DETAILED DESCRIPTION OF THE INVENTION <Industrial Application Field> The present invention relates to a take-up control device that is used in a film manufacturing machine for manufacturing a cylindrical blown film and controls the take-up of the blown film.

<Conventional technology> A blown film manufacturing machine continuously extrudes thermoplastic resin from an inflation die into a cylindrical film using a screw extruder, supplies gas into the cylindrical film to create bubbles, and continuously extrudes the film. This device manufactures stacked tube-shaped films while taking them off. Conventionally, in order to keep the thickness of the blown film constant, the speed at which the film is taken off is controlled.

<Problems to be Solved by the Invention> However, conventional control devices for controlling this type of take-up speed generally measure the consumption time per unit weight of material in the material hopper extruded by the screw extruder, and This structure controls the number of rotations of the pinch rolls that take off the film, that is, the take-up speed, depending on the time consumed. For this reason, this control device cannot accurately measure the amount of resin material consumed, so it is necessary to accurately control the film take-up speed according to the consumption amount of the material extruded by the extruder, that is, the amount of material extruded. However, there was a problem in that it was difficult to produce a film of stable quality because the thickness of the film was uneven.

The present invention was made in order to solve the above nB, and it is possible to accurately control the film take-up speed according to the consumption amount of resin material and to produce a film of excellent quality with a constant thickness. The purpose of the present invention is to provide a take-up control device for a blown film manufacturing machine.
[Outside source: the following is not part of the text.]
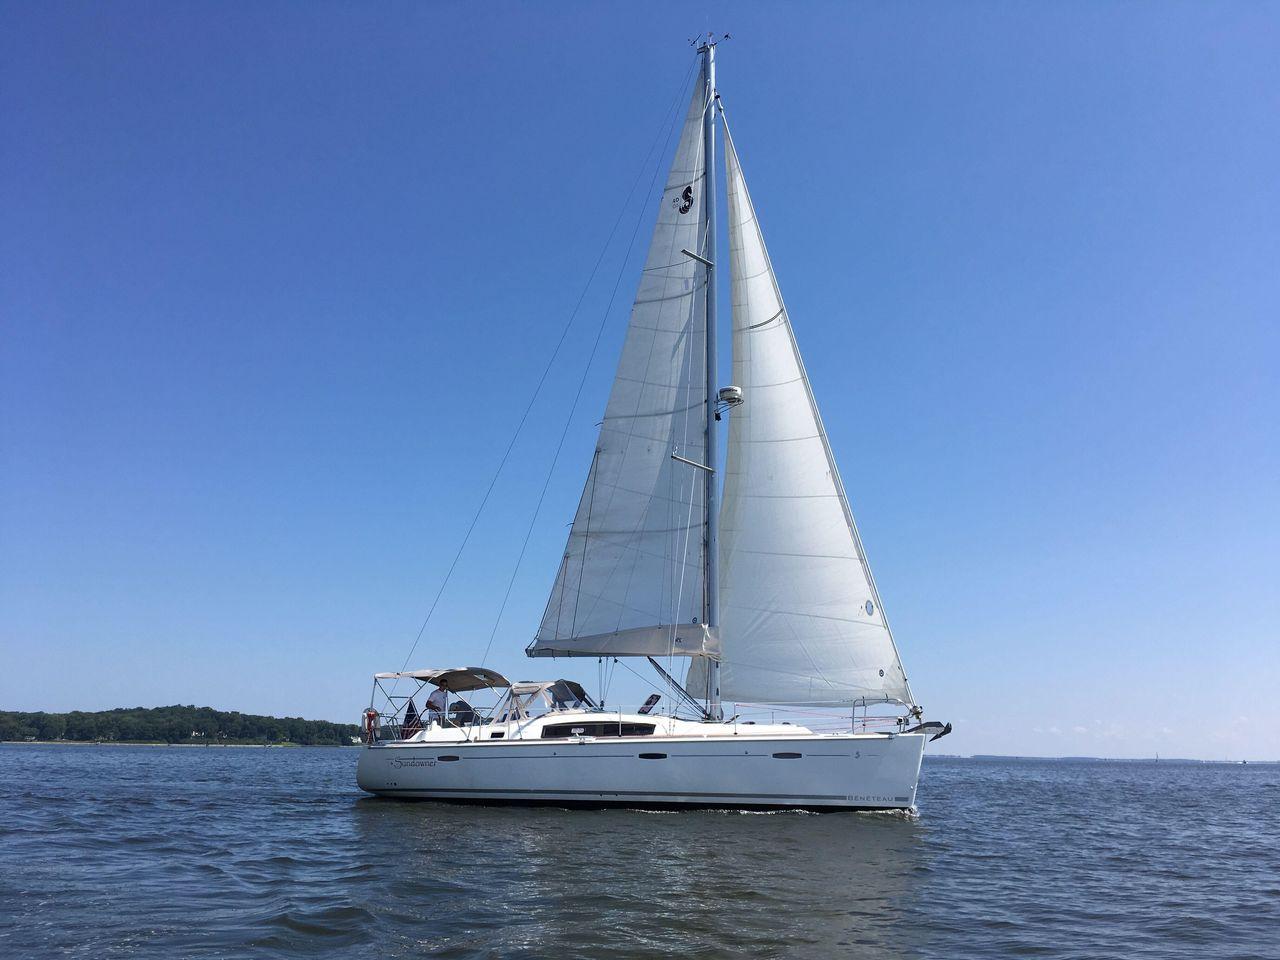 2009 Used Beneteau 40 Cruiser Sailboat For Sale - $139,000

Means for Solving the Problems> In order to achieve the above object, the take-up control device for a blown film manufacturing machine of the present invention, as shown in FIG. The weighing sensor 7 measures the weight of the weighing hopper and outputs a signal indicating the weight, and the signal from the weighing sensor 7 is taken in at regular intervals, and the current value is subtracted from the previous weight value obtained from the signal. , a material consumption calculation means 1 for calculating the material consumption per fixed time, an average consumption calculation means 2 for calculating the average consumption per unit time from the material consumption data for each fixed time, and the average consumption. Optimum take-off speed calculation means 3 for calculating the optimum take-off speed of the film from data such as the quantity, thickness and width of the film to be manufactured, and a first pinch roll for driving the first pinch roll for bowing the film. A motor 14, a first pinch roll rotation sensor 15 that outputs a signal with a frequency corresponding to the rotation speed of the first pinch roll, and a first pinch roll rotation sensor 1.
a current take-up speed calculation means 4 for calculating the current take-up speed of the first pinch roll based on a signal from the first pinch roll motor 14; 1 pinch roll motor control means 5.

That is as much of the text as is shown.